Between 1637 and 1644 there were at any one time only about 60 pensioners. By June 1657, as a result of the First Dutch War (165254) and the war against Spain (165560), there were 800 or 900 pensioners, and some pensions were in arrears. A year later the situation was worse and some pensioners were starving. By 1600 the Navy had 156 ships and 19,500 men. A large number of ships were now paid off, at the onset of peace, and this meant that future contributions to the chest would reduce, even though the heavy burden of pensions was to remain for years. This demonstrated a fundamental unsoundness in the way the chest was financed.

An ingenious plan was therefore adopted to save the situation.

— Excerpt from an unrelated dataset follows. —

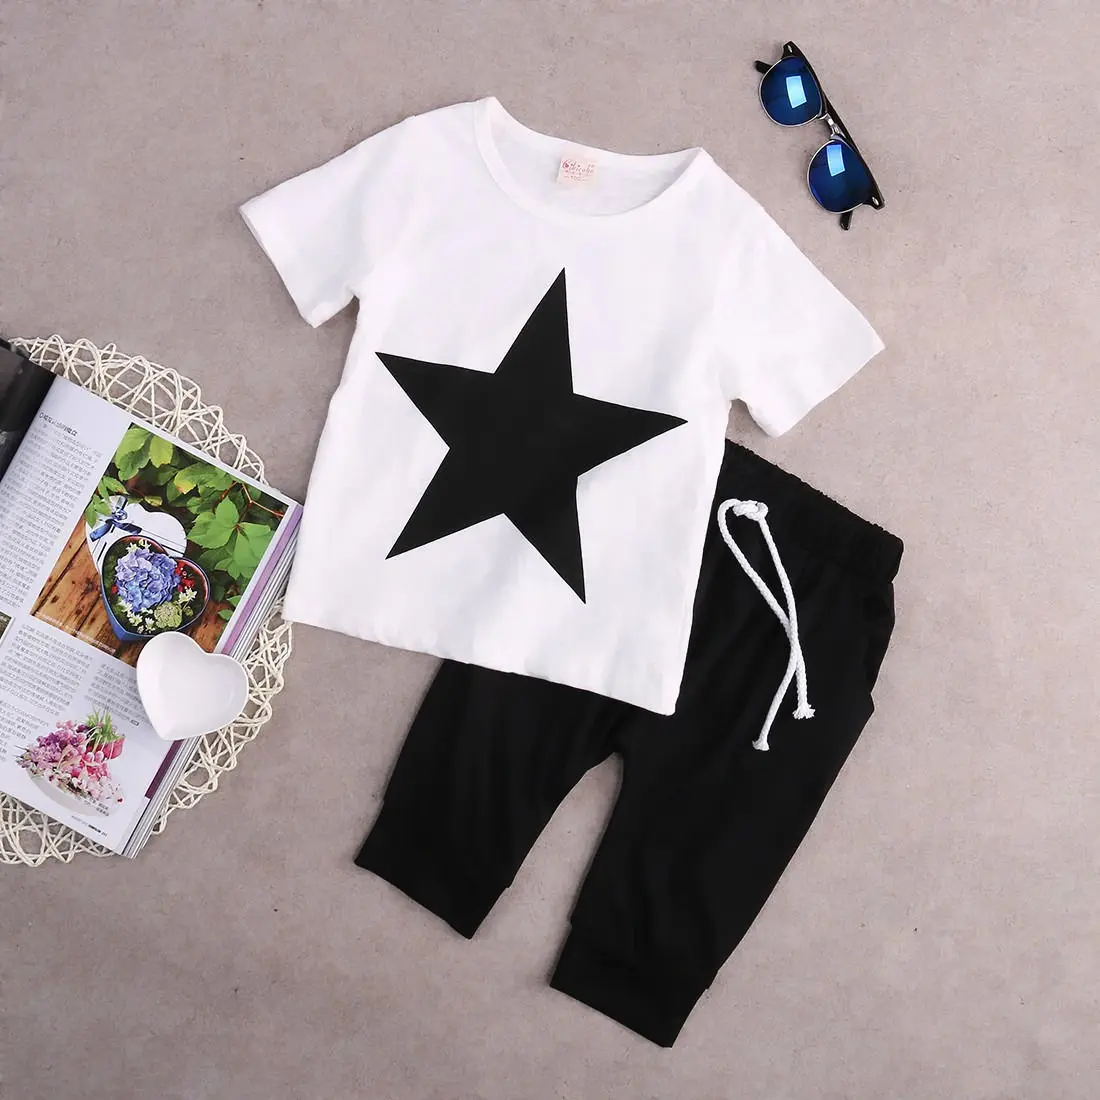 Niño Niños Ropa de Niños del Bebé Star T-shirt Tops, Pantalones Harem, 2pcs Trajes Conjunto de Ropa 2-7Y 3

The first step was to arrange for an extra sixpence per month to be deducted from wages in the case of the ships being paid off. The second step was to use these additional contributions to offer voluntary commutation of pensions, on the basis of two years' purchase. The scheme was successful and 374 pensions were commuted for a total of £3,276.

The terms offered were favourable to the chest, since most pensioners lived much longer than two years, so why was the commutation scheme so successful? The answer seems to lie in a combination of factors. Some pensioners just needed the extra cash, leaving the future to look after itself. Others probably feared a reduction or suspension in their pension if they were deemed to have recovered. Some may also have worried that the chest would run out of money in subsequent years. Others may have found it too awkward to attend at Chatham once a year to receive the pension, either in person or by a messenger bearing a letter of attorney.

In June 1667 there was a crisis in the affairs of the chest. The annual payment of pensions at Chatham was due and the cripples were gathering, but there was not enough money in the chest to pay them. Samuel Pepys, clerk of the Navy Board, feared that non-payment 'will make us a scorn to the world'. There were also worries that non-payment would throw a spotlight on abuses by senior Navy officials in the management of the chest's affairs. Fortunately the money was found at the last moment, with the aid of £2,000 from the Treasury, and it was taken down by barge to Chatham on the day that payment was due. Despite the extent of the crisis, the chest still retained its property investments, which presumably could not be sold at short notice to raise cash.

The ruin of the chest?

In October 1673, the governors of the chest wrote to the Navy Commissioners, forecasting 'the ruin of the chest', because its income was less than its outgoings even during the present war, 'and it is easy to foresee what will become of us when that income shall cease, and yet the charge contracted in the war remain'. From that time onwards it appears to have been tacitly accepted that any expenditure by the chest, other than that covered by the seamen's own contributions and investment income, would be met by the government on a pay-as-you-go basis. After this the chest continued to operate until 1814, with 2,800 pensioners in 1709 and 5,200 in 1802. This shows the importance, even then, of having an employer with a good covenant!